В. М. Юрий Петрович, можете вы рассказать о «Тристане и Изольде»? Я совсем ничего не знаю об этой постановке. Есть две рецензии – и все. Ю.П. Там было странно сделано. Во‑первых, в фойе был накрыт стол, где были три визитные карточки: мадам Визендок, господин Визендок, Вагнер. И стояло у всех троих по бокалу вина – любовный напиток. Потому что это же треугольник. И этот треугольник я продолжал – как бы Король был Визендок, Вагнер и мадам. И этот же треугольник пошел в музыку и в сюжет оперы. А дальше там визуально было красиво довольно. Самое, мне кажется, было красивое – это знаменитый любовный дуэт очень длинный и то, что всем ценителям пришлось по душе в какой‑то мере, что я их разъединил, а не соединил. Они как бы витали над оркестром. Я так поставил свет и вывел полосу примерно метра полтора в оркестр. Прежде всего, им легче было петь, их слышно было хорошо, ведь очень трудно Вагнера петь.
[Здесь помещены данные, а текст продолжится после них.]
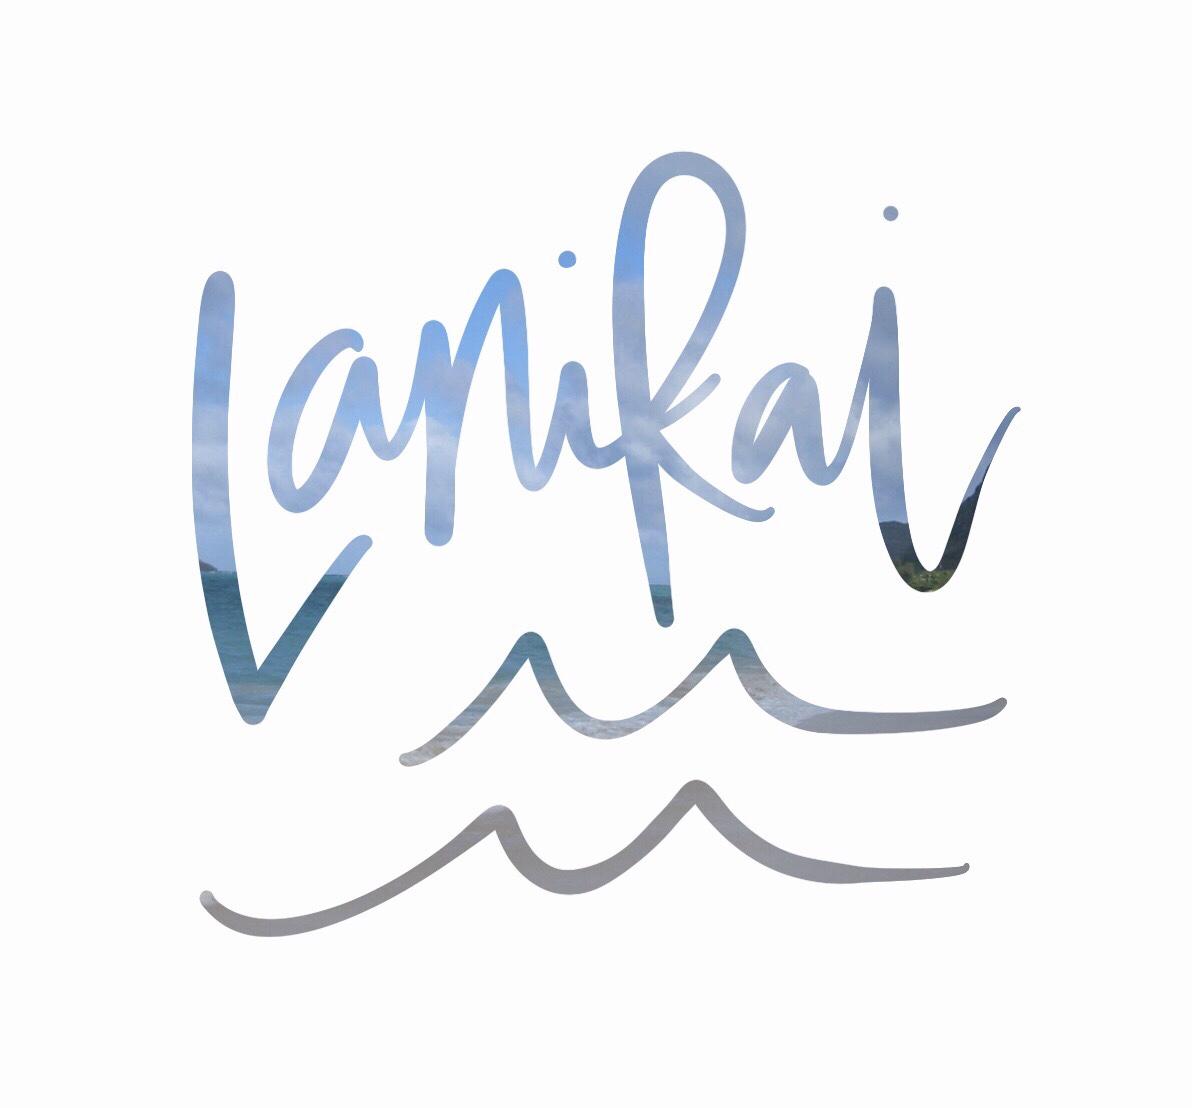 Lanikai is actually a town adjoining Kailua, on SE Oahu.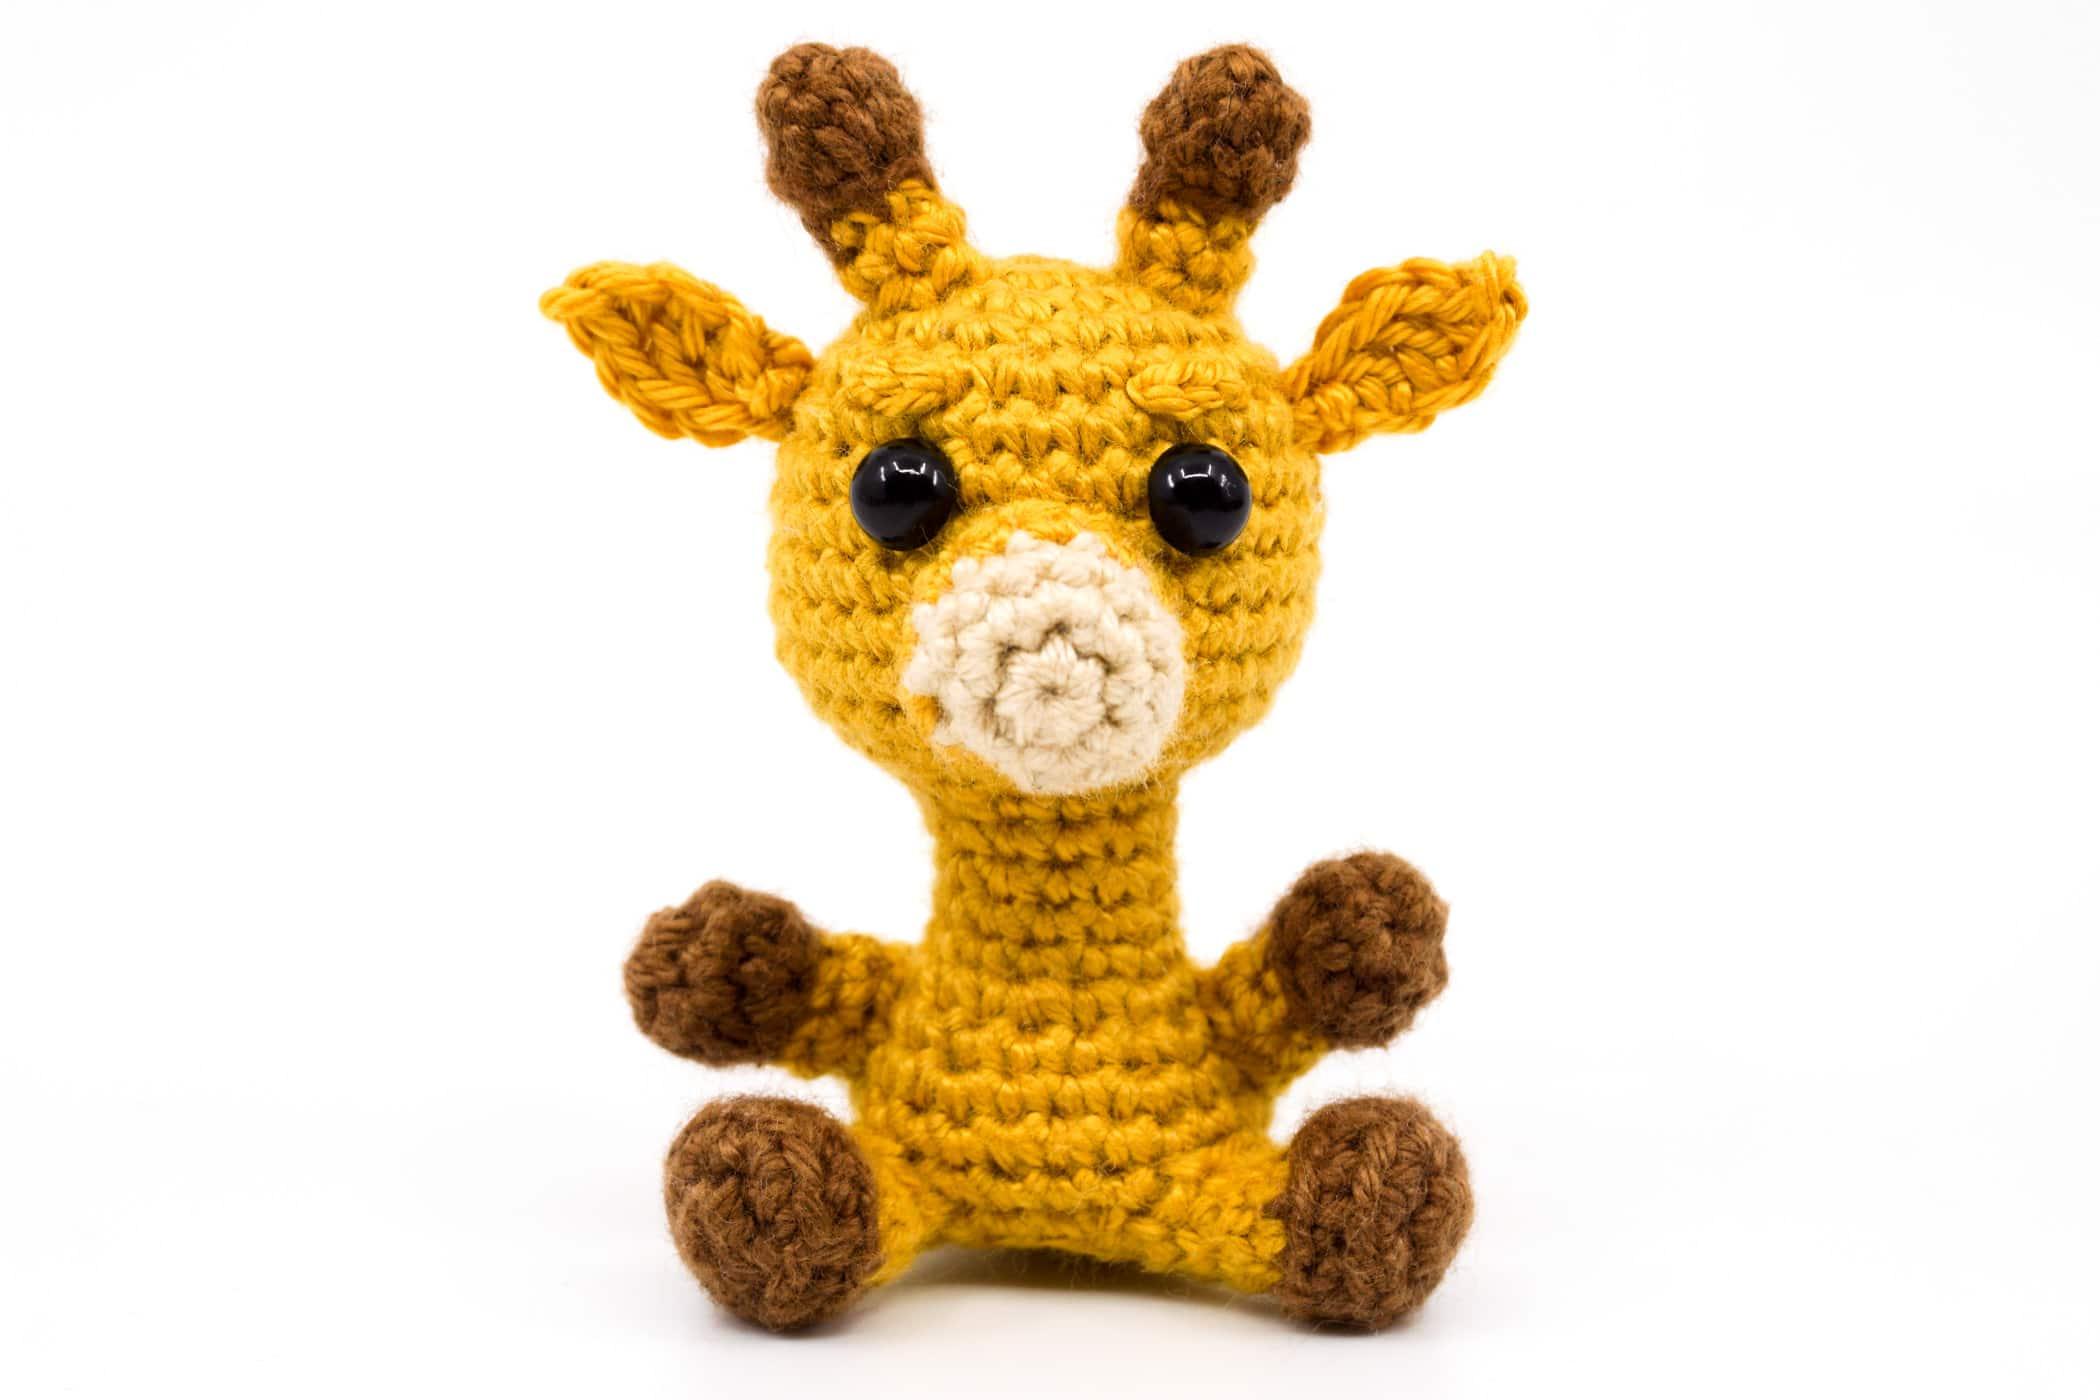 Crochet Baby Giraffe Amigurumi Free Patterns | 1400x2100

И это давало поэтичность большую и это завораживало, этот поток их воспоминаний бесконечных, а не реальные объятия, не реальные сцены. И поэтому, мне кажется, это не мешало абсолютно музыке, а помогало, и она стала больше входить в слушателя. Потому что всегда певцы довольно грузные и полные, и когда они начинают изображать любовь – нестерпимо смотреть. А там мне удалось как‑то избежать этих вещей. В. М. Там был какой‑то рояль или нет? Ю.П. Был. Он носился в воздухе. Публика приходила – ничего не могла понять. Я переделал фойе, я много зеркал поставил, вот этот стол и трость, приметы мадам Визендок, вагнеровский берет – знаменитый берет Вагнера – там все было полунамеками сделано. Этот зал Коммунале оперного театра в Болонье – зеркала изменили пространство. И когда публика приходила, она неожиданно была удивлена, что все переменилось в театре. То есть я продолжал игру, начиная с фойе. Часто я это делал, а часто бросал. Но там я это сделал. И когда они входили в зал, то они тоже ничего не понимали: стоит концертный рояль. А у Вагнера помимо этого же есть и песни Изольды и вроде певица начинала петь, а как бы Вагнер аккомпанировал. Тристан он вроде Вагнер, а вокруг ходит певец, который Король, он вроде Визендок. И публика была в недоумении: а где же декорации, где вообще все, что требуется, все аксессуары оперные. Потом этот рояль вдруг, такой световой сильный эффект был, и он улетал в воздух, и появлялся уже остов, какие‑то стены, как бы корабль качающийся. И начиналось путешествие.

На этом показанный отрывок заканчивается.